Shared data pool with DDP

CDhere · January 25, 2021, 9:04pm

Hi, I’m writing an algorithm where the data pool is affected by the outcome of the trained model at each epoch. This means that while I can use DDP to create copies of the model on GPUs, the data pool where the training samples are drawn from should be shared among all processes. Is there a good way to achieve this? How do I collect results from multiple processes to update the shared pool, before continuing to the next training epoch?

Many thanks!

rvarm1 · January 26, 2021, 12:30am

Hi, if you’re within a single node you can probably coordinate these updates with something like a multiprocessing.Manager, see multiprocessing — Process-based parallelism — Python 3.9.1 documentation.

Alternatively, if your training is across different nodes entirely, you have a few options:

Have a per-node data pool, and just proceed with the above approach
Have a global data pool that is replicated across each node with the MP manager. You can then probably use pytorch APIs such as dist.broadcast_object_list and dist.scatter_object_list to share the required data.

CDhere · January 29, 2021, 12:34am

Thank you for the suggestion!

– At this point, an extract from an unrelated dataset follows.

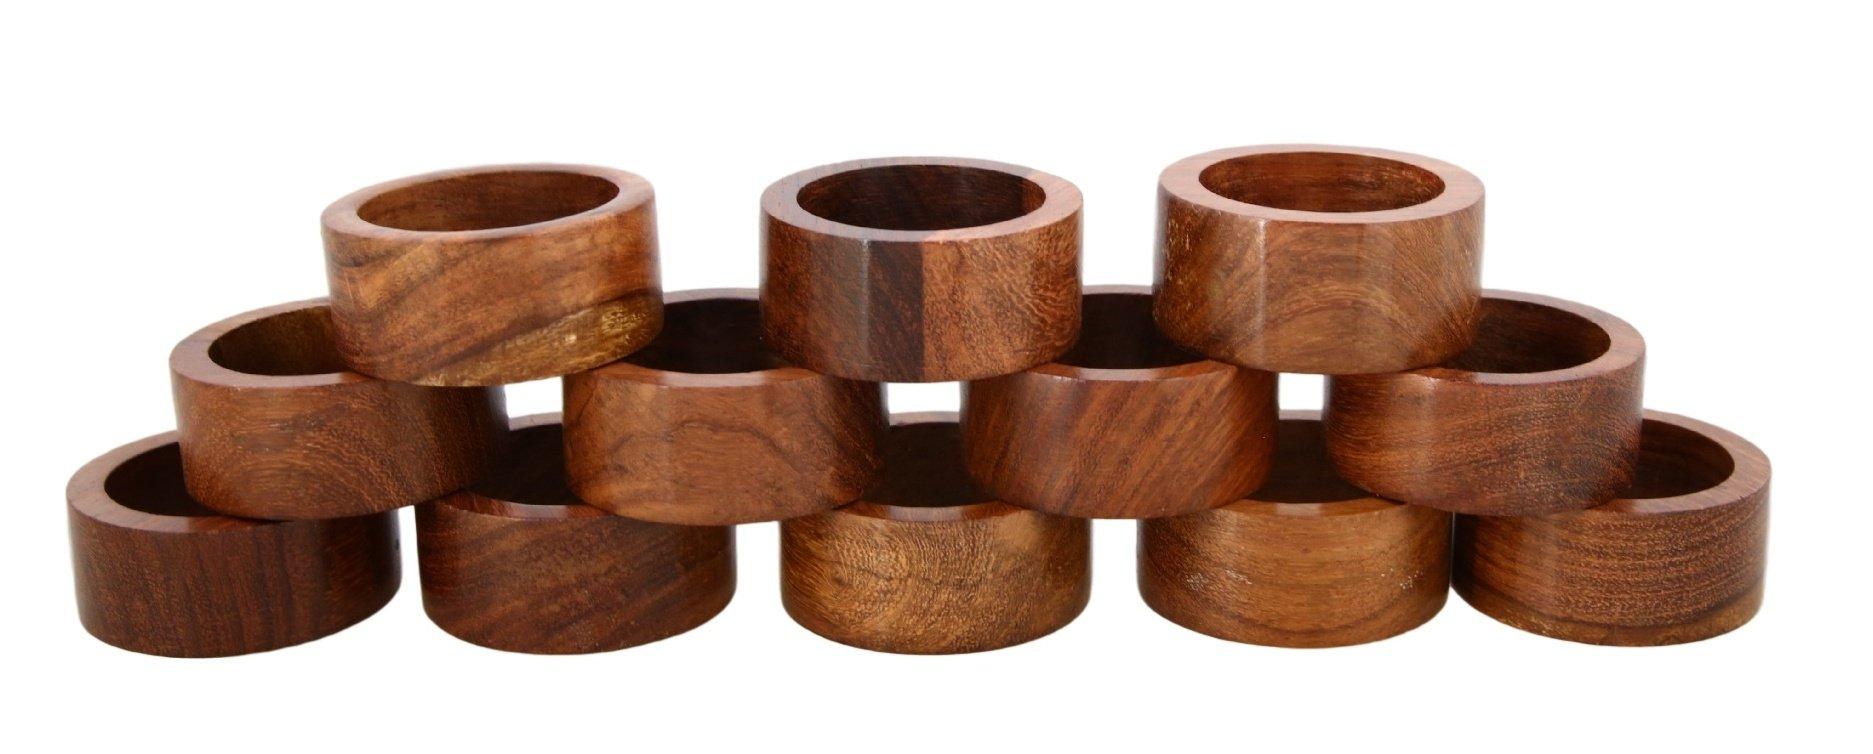 Shalinindia Handmade Wood Napkin Ring Set With 12 Napkin Rings - Artisan Crafted in India

So far I’m satisfied with single-machine, multi-gpu setting. I did a bit of research and here’s a good post on how to use mp.Manager: https://stackoverflow.com/questions/10415028/how-can-i-recover-the-return-value-of-a-function-passed-to-multiprocessing-proce, in case anyone else is interested. BTW I should point out that torch.multiprocessing is just a thin layer of wrapping around Python’s native multiprocessing, so most stuff are similar and can be used directly in the same style.

Basically a dict can be shared among processes spawned, which suits my case. I guess any pickable primitives like List will also do, though.

Will be back and update this thread once I’ve extended to a multi-machine setting.

mrshenli · January 29, 2021, 3:37pm

For multiple machine data sharing, one option would be letting one process to serve as the data store, and use torch.distributed.rpc to push/pull data across processes.

External_happy · February 12, 2024, 4:06pm

Can you give more details on how you did that ?